**What is expected**
Print the listing below again, exactly. Skip the pictures.

**Data below**
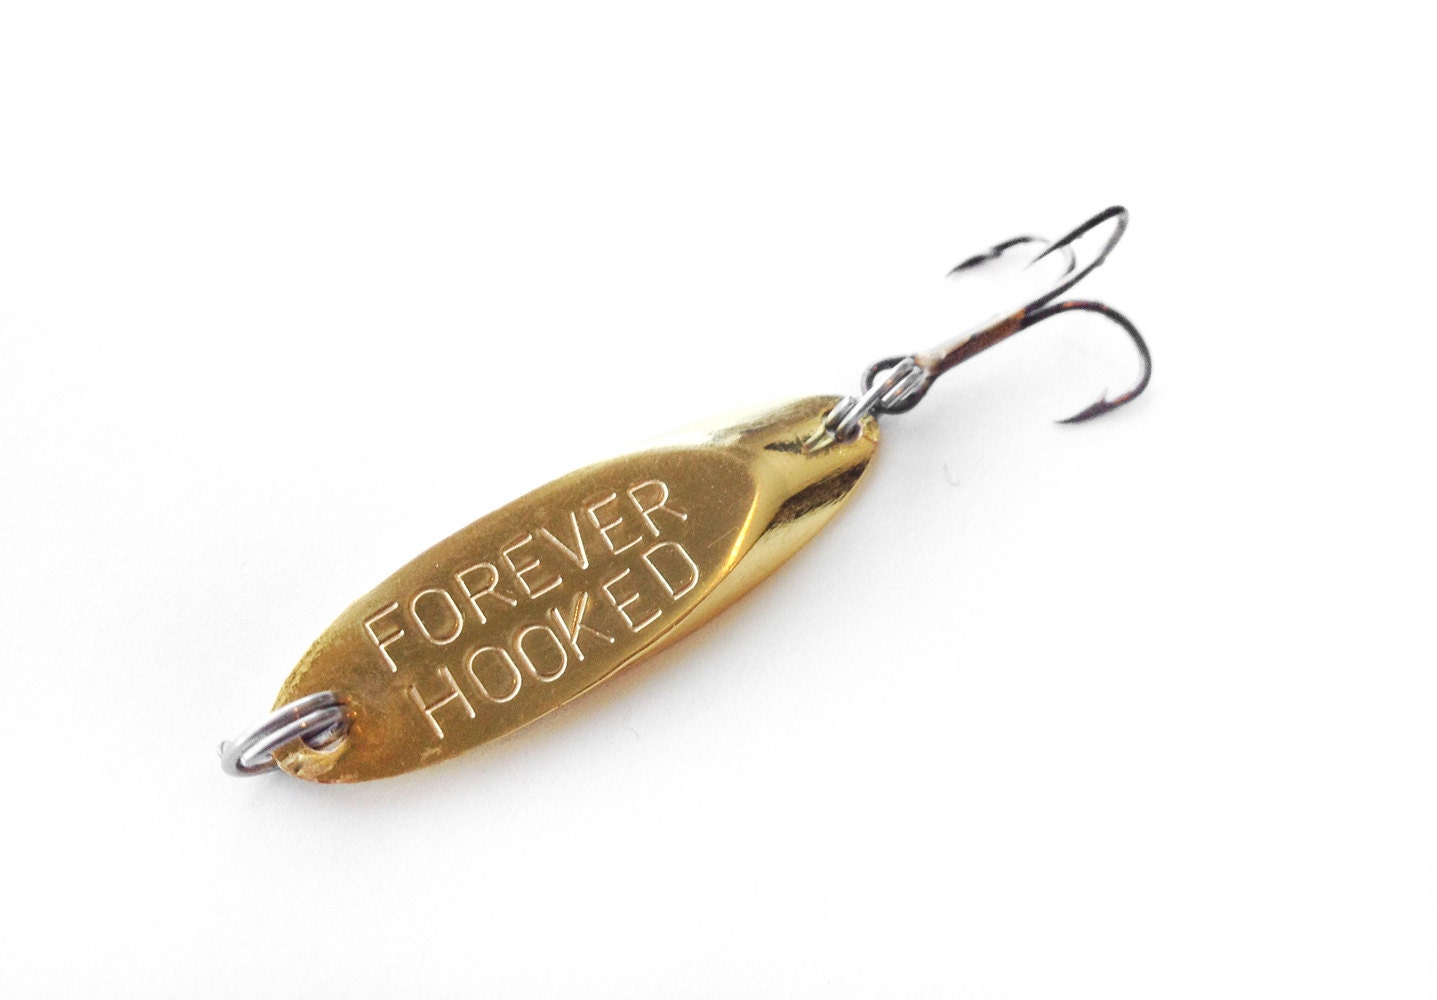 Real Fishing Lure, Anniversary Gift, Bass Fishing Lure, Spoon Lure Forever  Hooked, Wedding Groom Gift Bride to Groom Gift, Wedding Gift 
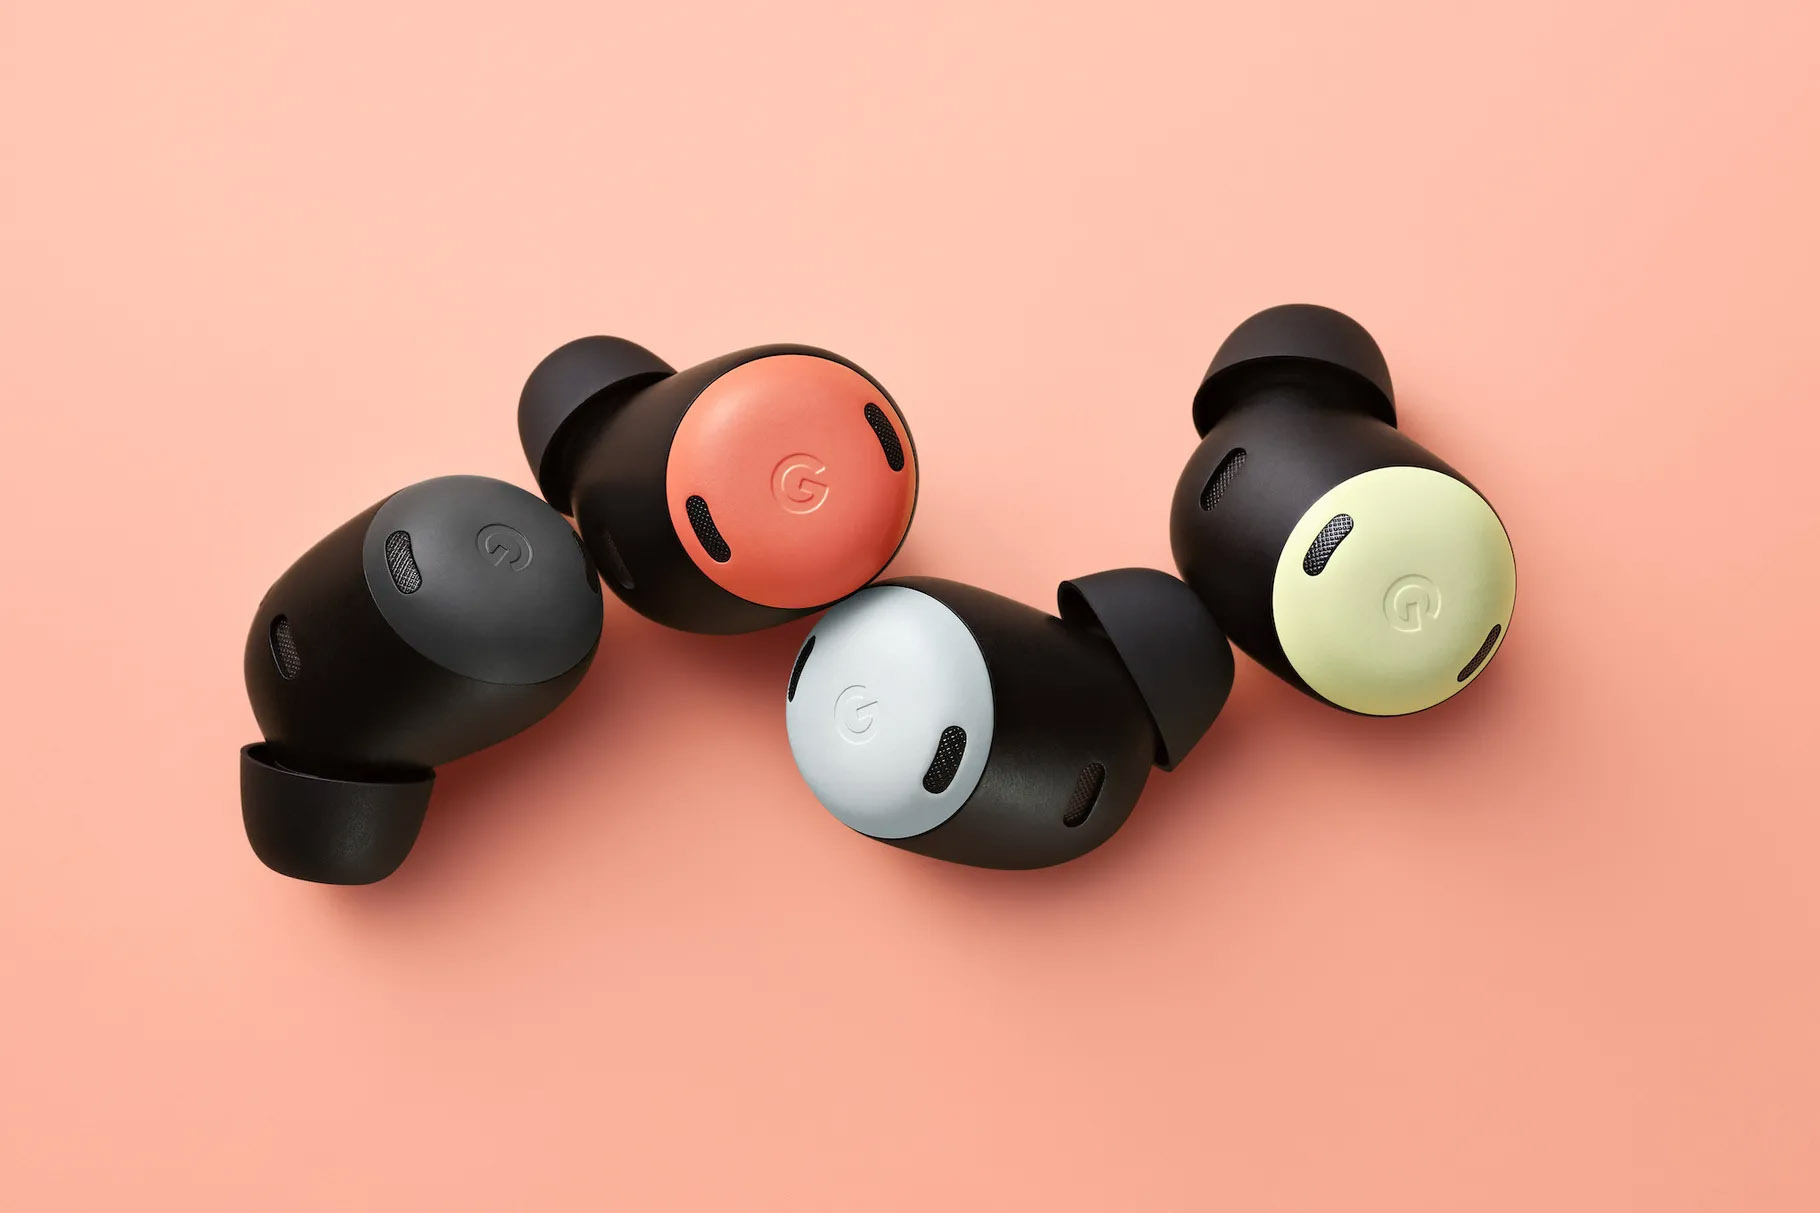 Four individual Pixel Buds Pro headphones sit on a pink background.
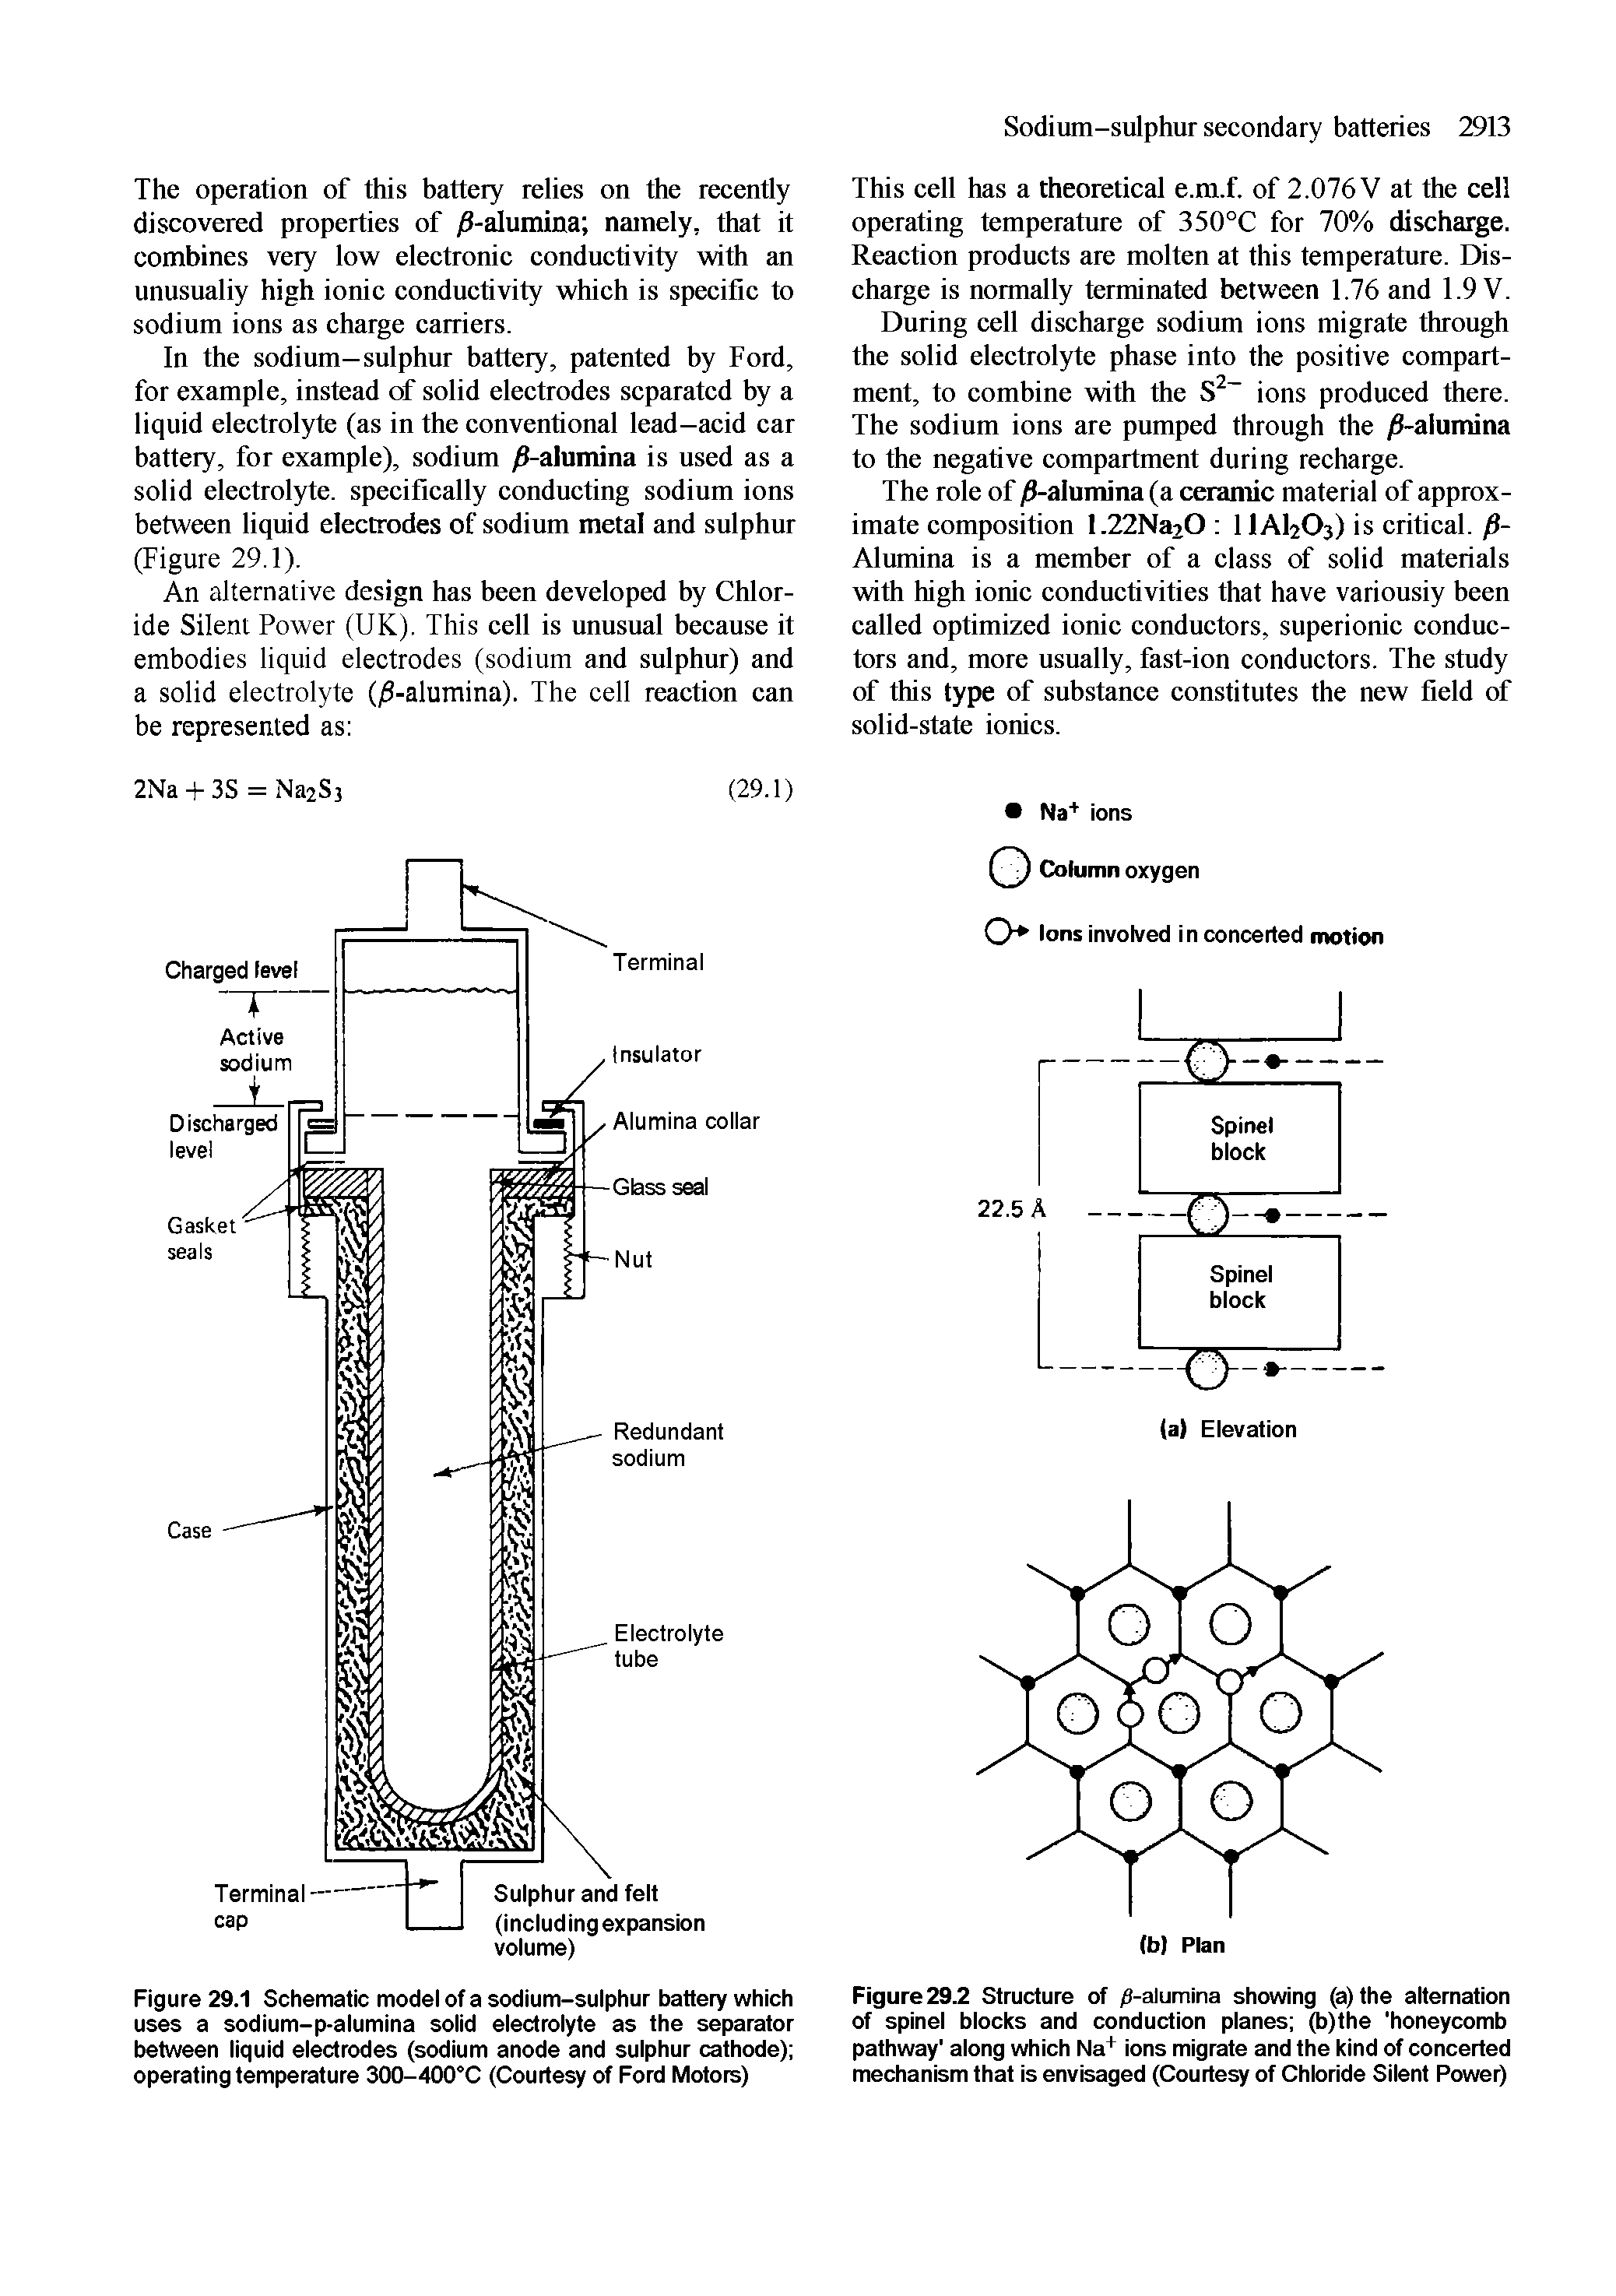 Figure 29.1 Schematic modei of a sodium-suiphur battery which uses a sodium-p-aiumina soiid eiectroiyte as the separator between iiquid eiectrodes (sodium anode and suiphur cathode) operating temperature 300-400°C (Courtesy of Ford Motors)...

**Completed task**
 Real Fishing Lure, Anniversary Gift, Bass Fishing Lure, Spoon Lure Forever  Hooked, Wedding Groom Gift Bride to Groom Gift, Wedding Gift 
 Four individual Pixel Buds Pro headphones sit on a pink background.
 Figure 29.1 Schematic modei of a sodium-suiphur battery which uses a sodium-p-aiumina soiid eiectroiyte as the separator between iiquid eiectrodes (sodium anode and suiphur cathode) operating temperature 300-400°C (Courtesy of Ford Motors)...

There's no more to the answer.